▸ **Material provided**:
+ + + +

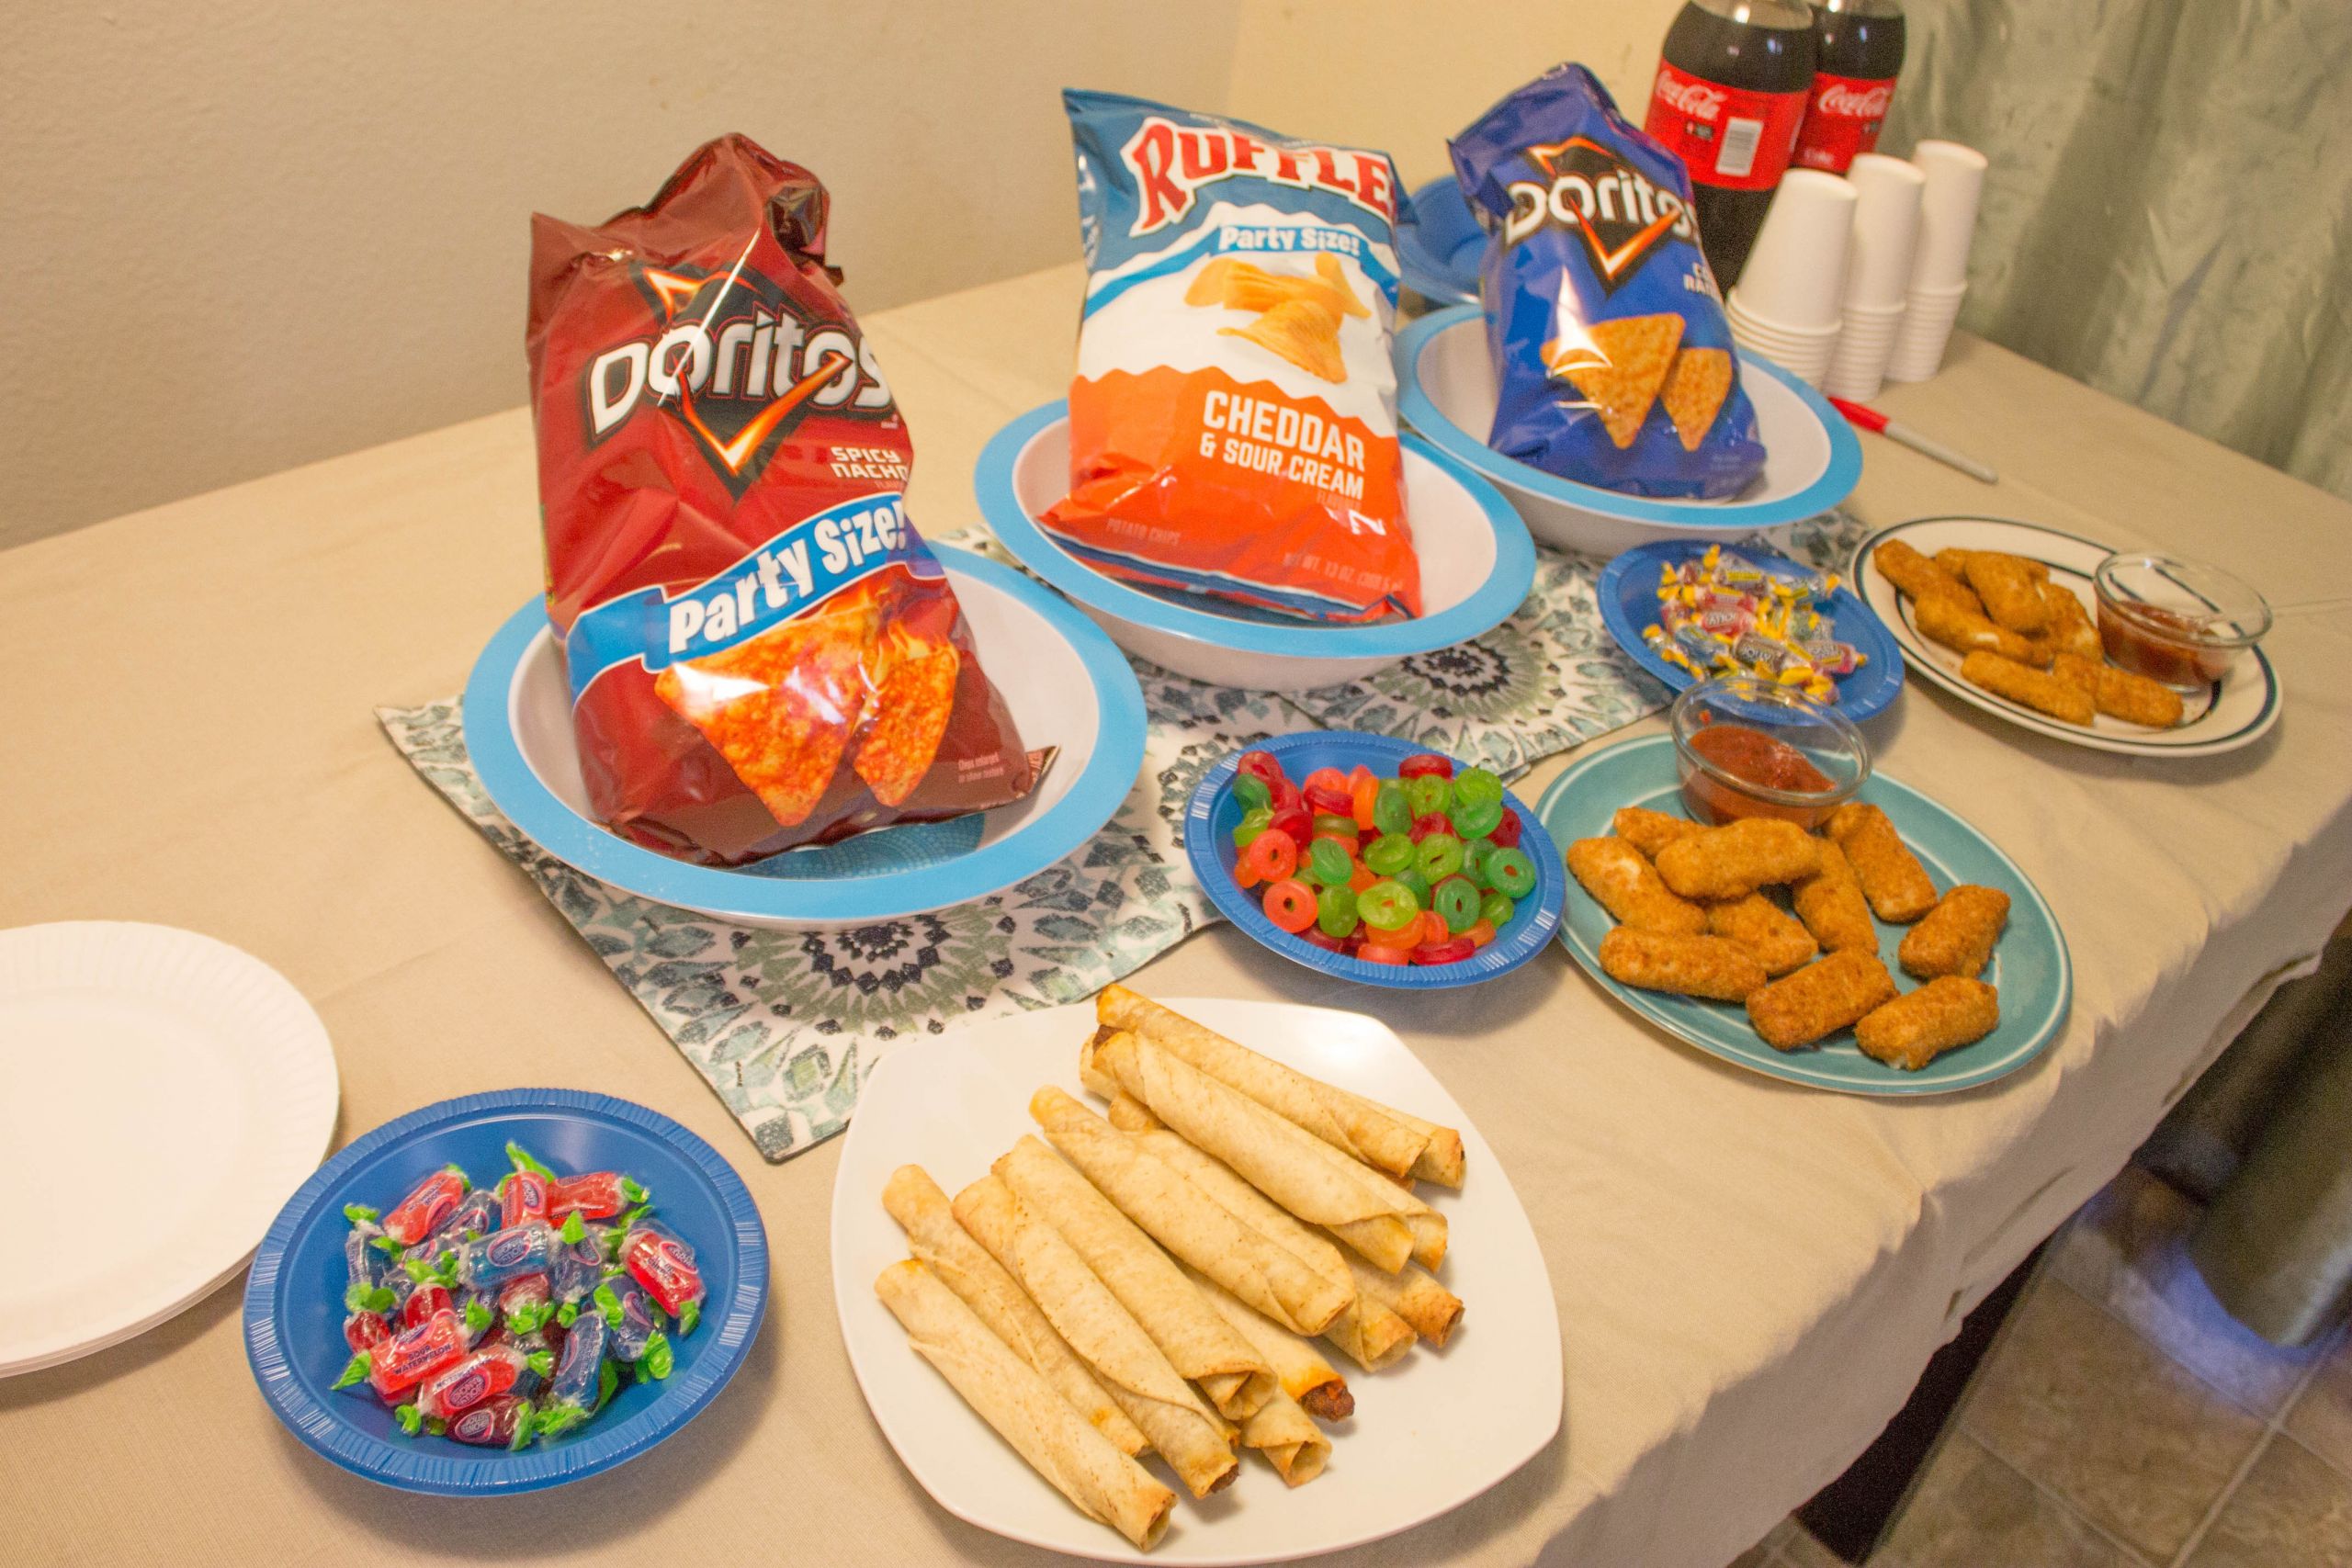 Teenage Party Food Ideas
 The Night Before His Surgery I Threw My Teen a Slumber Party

+ + + +

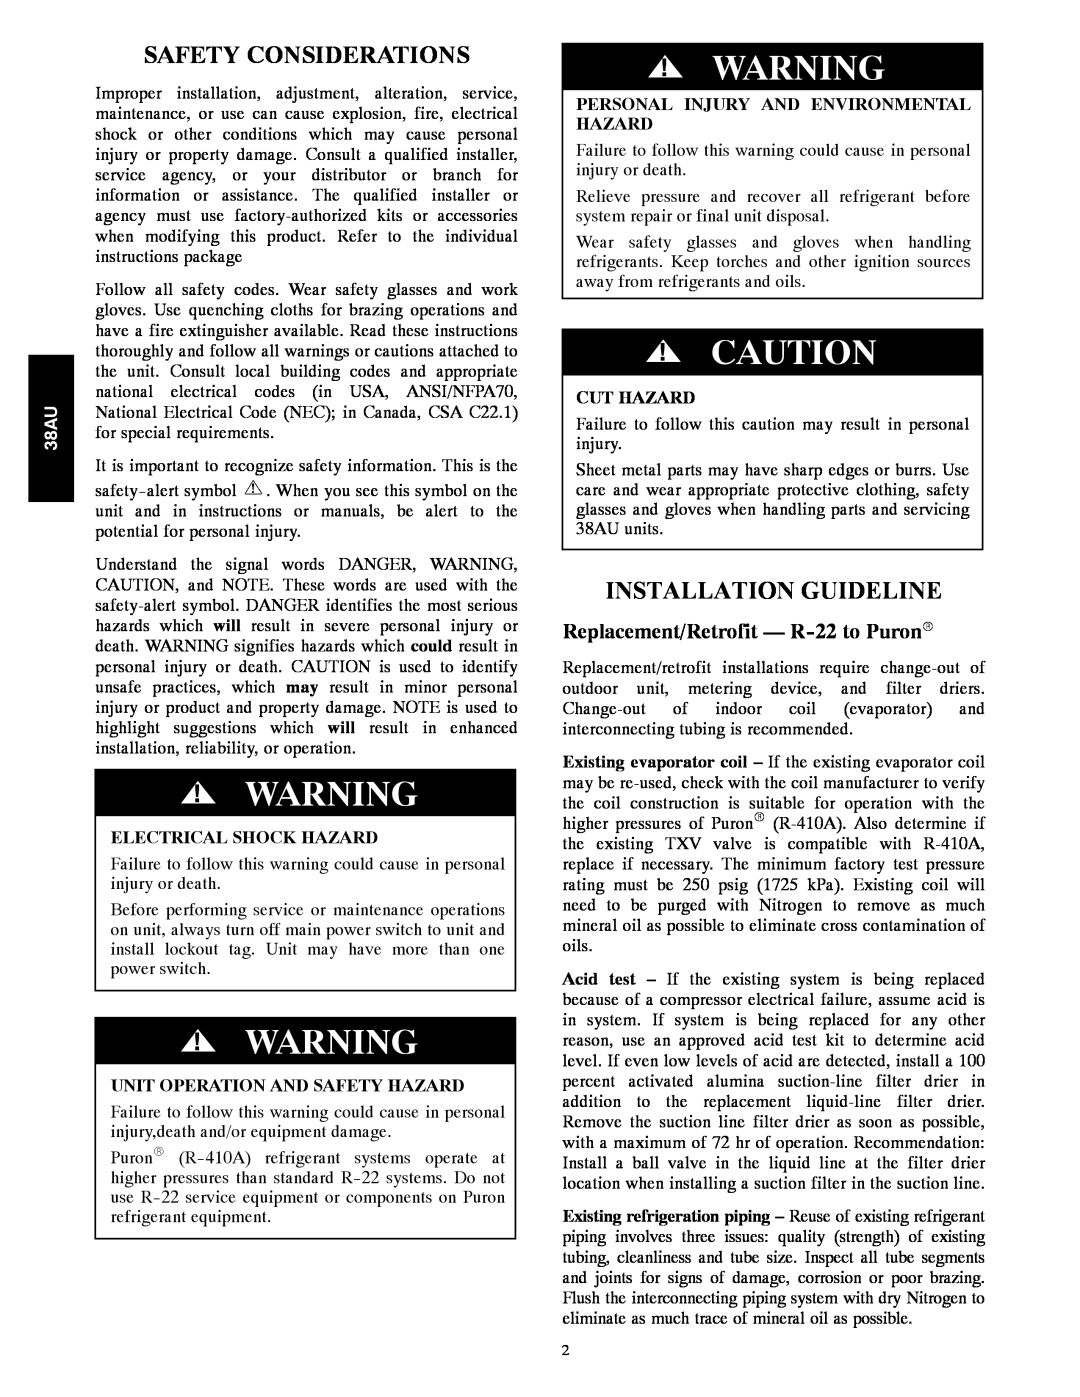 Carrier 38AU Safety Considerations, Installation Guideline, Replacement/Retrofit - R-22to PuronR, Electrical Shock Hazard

+ + + +

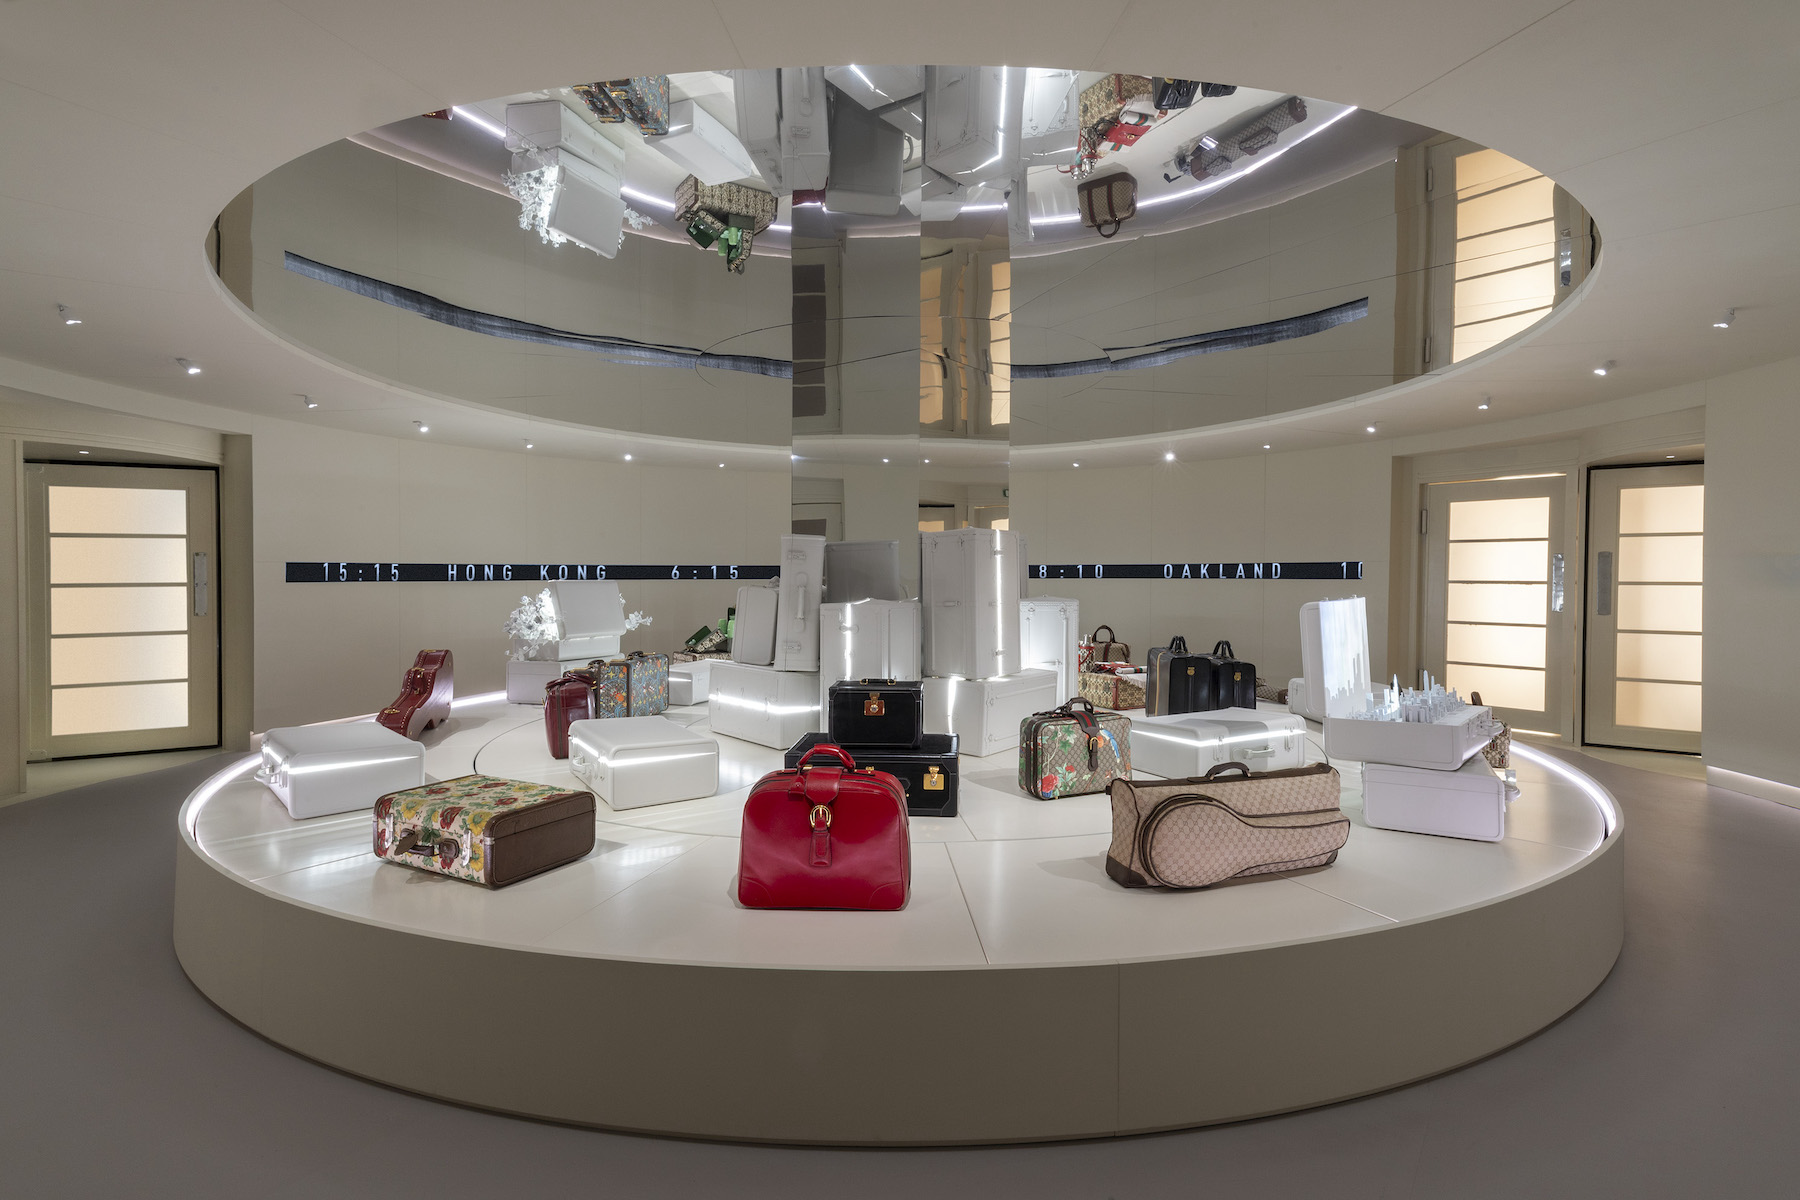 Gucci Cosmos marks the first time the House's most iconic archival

+ + + +

Looking above, find the stretch of lines that opens with the one holding "Teenage Party Food Ideas" and closes with the one holding "The Night Before". Copy it exactly, pictures excluded.

▸ **Response to this task**:
 Teenage Party Food Ideas
 The Night Before His Surgery I Threw My Teen a Slumber Party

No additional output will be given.